In 2019 Siddiq appeared on D.L. Hughley's late night talk show The D.L. Hughley Show, as well as the Comedy Central series This Week at the Comedy Cellar, in addition to being a finalist on the NBC comedy competition series Bring the Funny.

Siddiq has released five comedy albums: Talking Loud Saying Something (Live at the Improv) released in 2010; Enjoy Your Life and Freedom of Speech, which were both released in 2013; Damaged Goods released in 2016 and The Prison Manual released in 2019.

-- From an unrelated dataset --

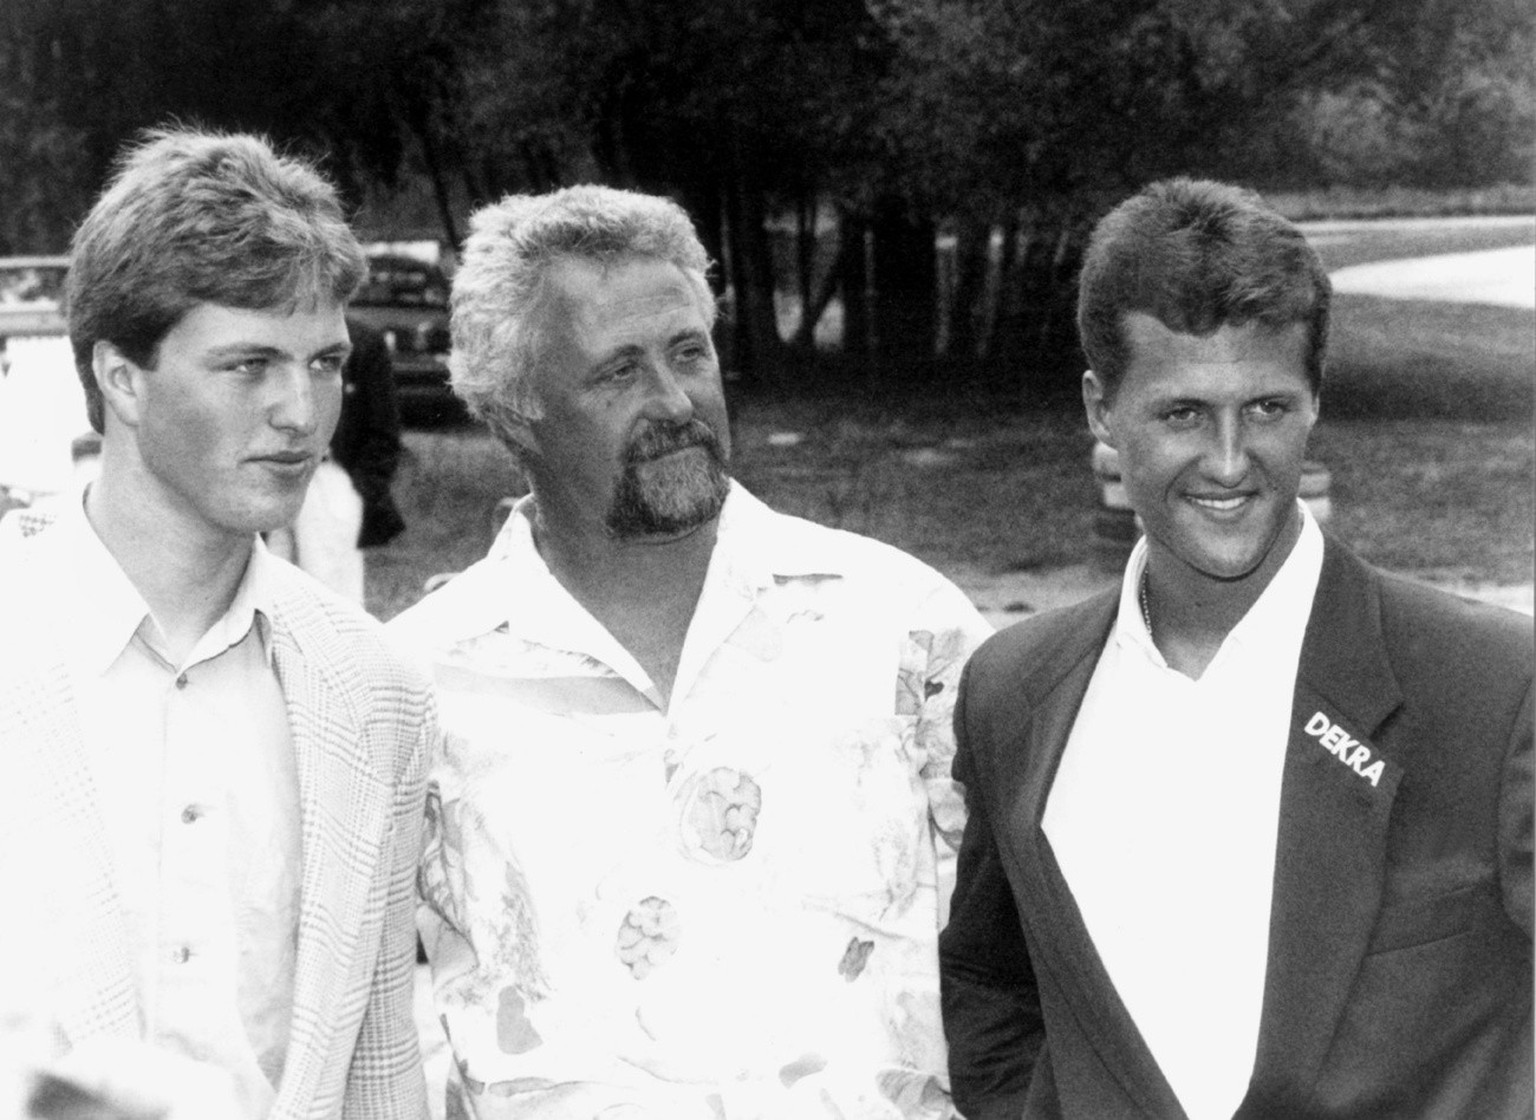 The photo shows Michael Schumacher (R), father Rolf Schumacher (C) and brother Ralf Schumacher (L) in Kerpen, Germany, 19 July 1993. Michael Schumacher announced his retirement on Sunday, 10 September ...

In January 2021, Siddiq joined the Funky Larry Jones afternoon drive show on KMJQ (102.1 FM) in Houston.

Discography
 Talking Loud, Saying Something (2010)
 Freedom of Speech (Aug. 5, 2013)
 Enjoy Your Life (Aug. 18, 2013)
 Damaged Goods (2016)
 It's Bigger Than These Bars (Aug. 2019)
 The Prison Manual (Sep. 2019)

Philanthropy

Since 2009 Siddiq has hosted the annual Jive Turkeys Comedy Show to raise money for the Houston Food Bank. The show is performed each November close to Thanksgiving.

In 2017 he organized and performed at a benefit for Houstonians affected by Hurricane Harvey. In 2018 Siddiq also performed at an annual benefit held by Saba Homes, an orphanage organization created to help orphans of the 2005 Kashmir earthquake in Pakistan.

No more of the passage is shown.